When a new node joins the cluster, Galera performs an SST choosing an existing node as donor and transferring the state to the new node in order to initialize it. We've seen this process failing sometimes when bootstrapping the cluster or when a node goes down, so the unhealthy container gets restarted by Kubernetes and a new one is created, which implies that the SST is retried again. This situation is repeated until the container reaches a healthy state and the node is part of the cluster:

Here there are the configuration files for each node:

mariadb-galera-0

[mariadb]

bind-address=0.0.0.0

default_storage_engine=InnoDB

binlog_format=row

innodb_autoinc_lock_mode=2

# Cluster configuration

wsrep_on=ON

wsrep_provider=/usr/lib/galera/libgalera_smm.so

wsrep_cluster_address="gcomm://mariadb-galera-0.mariadb-galera-internal.default.svc.cluster.local,mariadb-galera-1.mariadb-galera-internal.default.svc.cluster.local,mariadb-galera-2.mariadb-galera-internal.default.svc.cluster.local"

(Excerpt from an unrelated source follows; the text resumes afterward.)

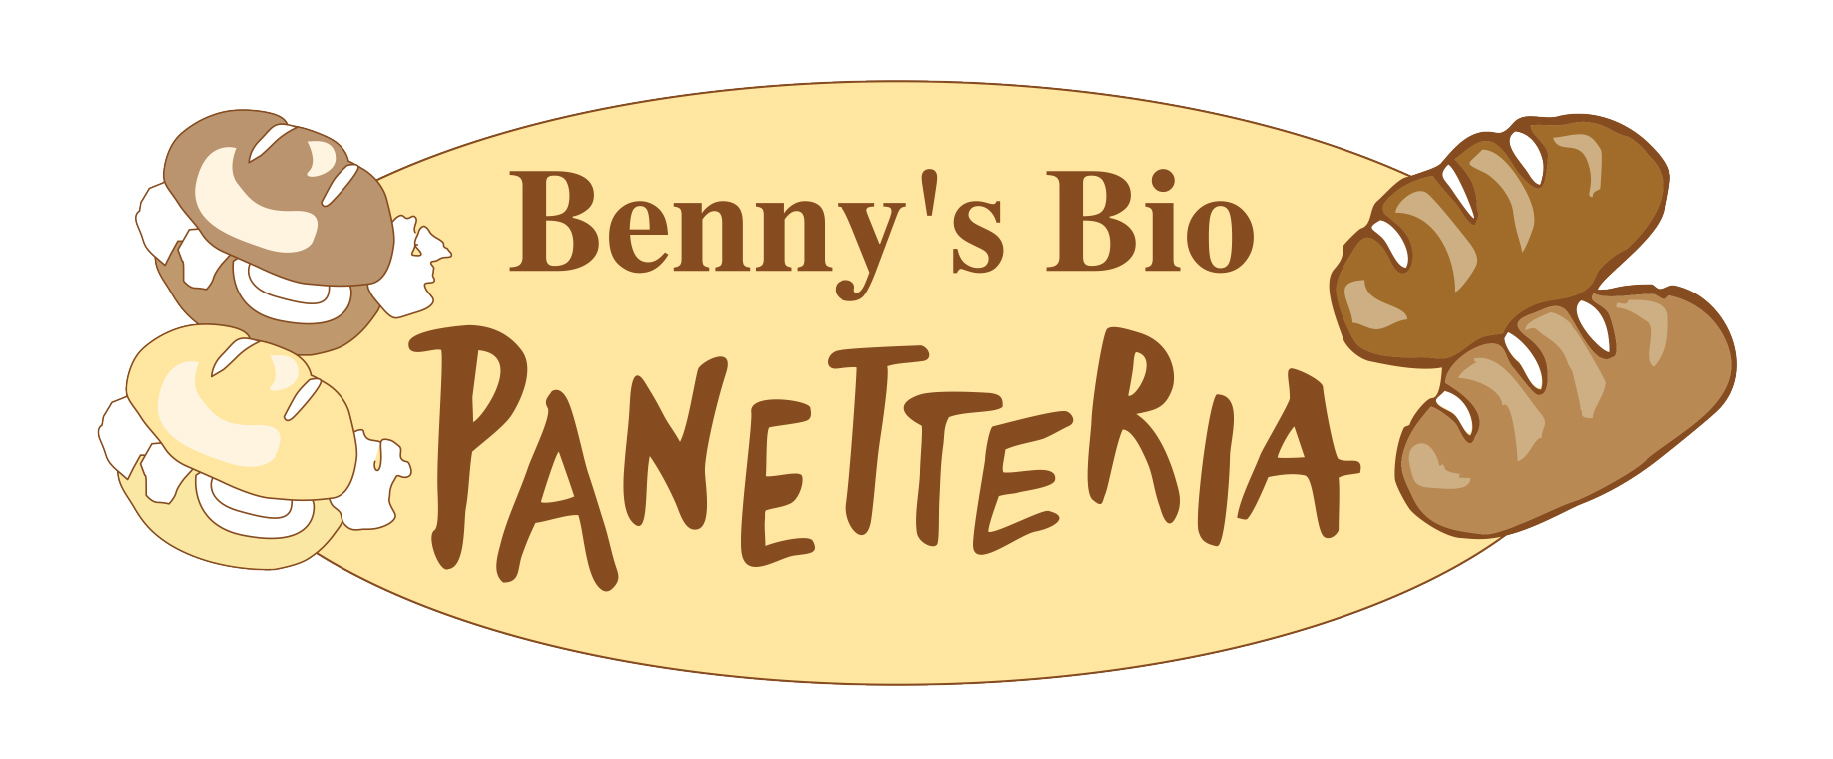 Benny's Bio Panetteria

wsrep_cluster_name=mariadb-operator

wsrep_slave_threads=1

# Node configuration

wsrep_node_address="mariadb-galera-0.mariadb-galera-internal.default.svc.cluster.local"

wsrep_node_name="mariadb-galera-0"

wsrep_sst_method="mariabackup"

wsrep_sst_auth="<user>:<password>"

mariadb-galera-1

[mariadb]

bind-address=0.0.0.0

default_storage_engine=InnoDB

binlog_format=row

innodb_autoinc_lock_mode=2

# Cluster configuration

wsrep_on=ON

wsrep_provider=/usr/lib/galera/libgalera_smm.so

wsrep_cluster_address="gcomm://mariadb-galera-0.mariadb-galera-internal.default.svc.cluster.local,mariadb-galera-1.mariadb-galera-internal.default.svc.cluster.local,mariadb-galera-2.mariadb-galera-internal.default.svc.cluster.local"

wsrep_cluster_name=mariadb-operator

wsrep_slave_threads=1

# Node configuration

wsrep_node_address="mariadb-galera-1.mariadb-galera-internal.default.svc.cluster.local"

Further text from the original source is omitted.